Note: it is strongly recommended to use a stable 3.3V power supply, which is able to provide current in excess of 500mA (0.5A). The ESP8266 module is in general power efficient, but during the data transmission, it may have peaks of up to 500mA. Powering it from the 3.3V rail of the Aruino board or from the 3.3V rail available for some USB-TTL module is NOT recommended and will very likely result in destroying the 3.3V voltage regulator of your Arduino board or of the USB-TTL board. We use a breadboard friendly power supply, able to provide 3.3V and 5V (a switch allow the selection) at up to 500mA (see Figure 4).
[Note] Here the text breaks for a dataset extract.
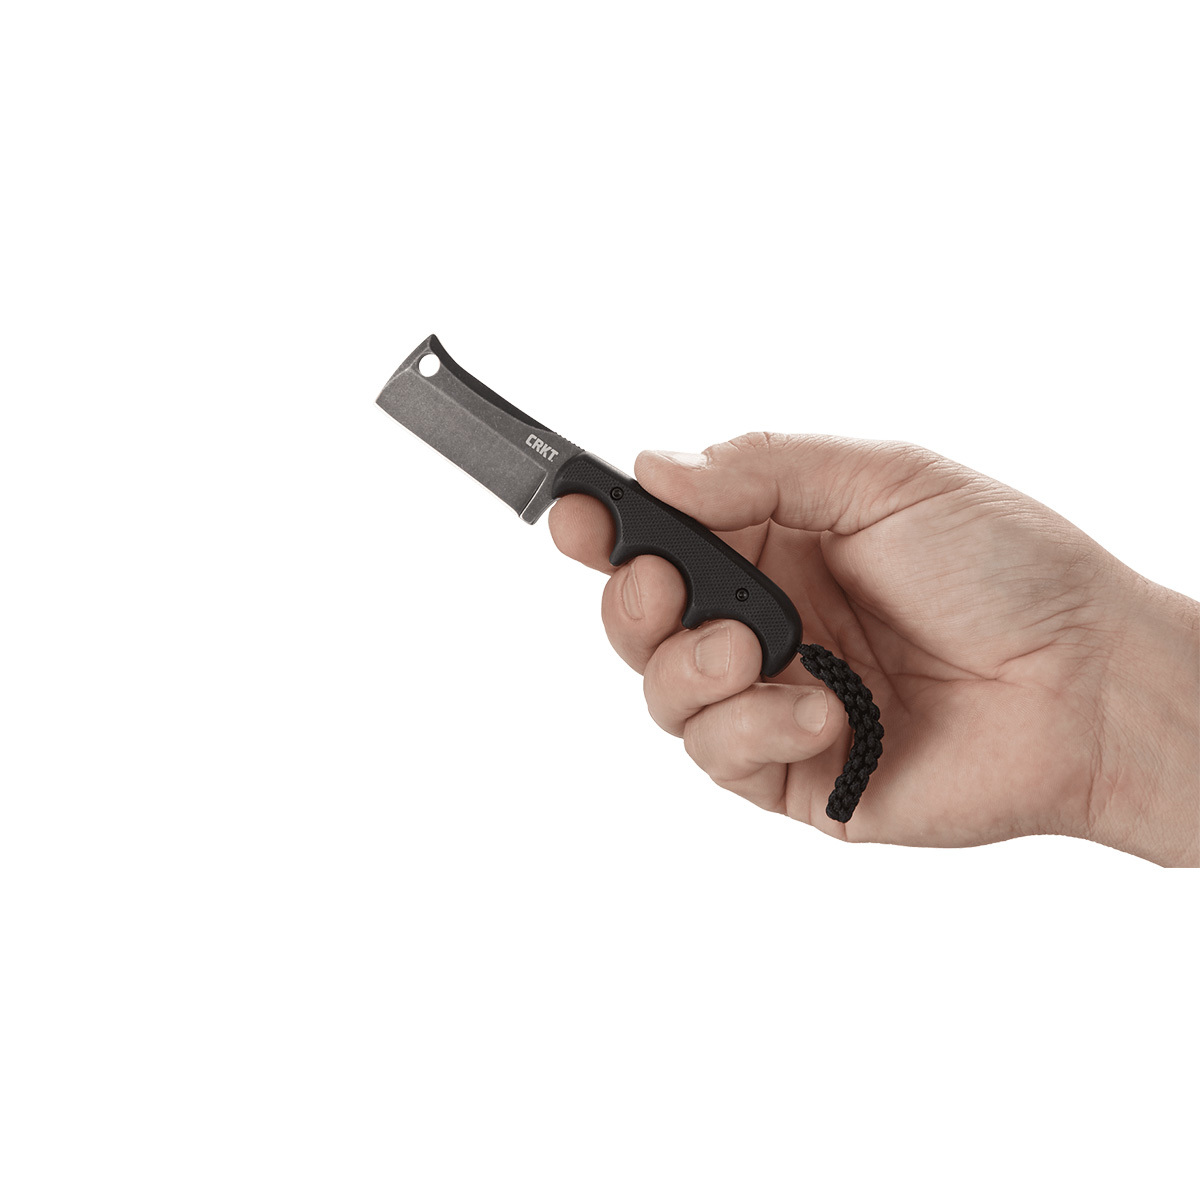 фото Шейный нож с фиксированным клинком crkt minimalist cleaver blackout, сталь 5cr15mov, рукоять g10

This specific power supply cab be found very cheap, having prices of about 1-3 EUR postage in EU included.

After you have downloaded and installed Realterm, start it and select the baud rate (normally this defaults to 115200 for most of the ESP8266 modules we bought over the last 6 months) and the COM port (which in our case is 38, but may be different for you, so better check). Last, push the "Open" button, to create a Serial (UART) connection. If the "Open" button was already pushed, then push it again to its OFF state it and push it back to its ON state. Also, check Figure 6 for additional information.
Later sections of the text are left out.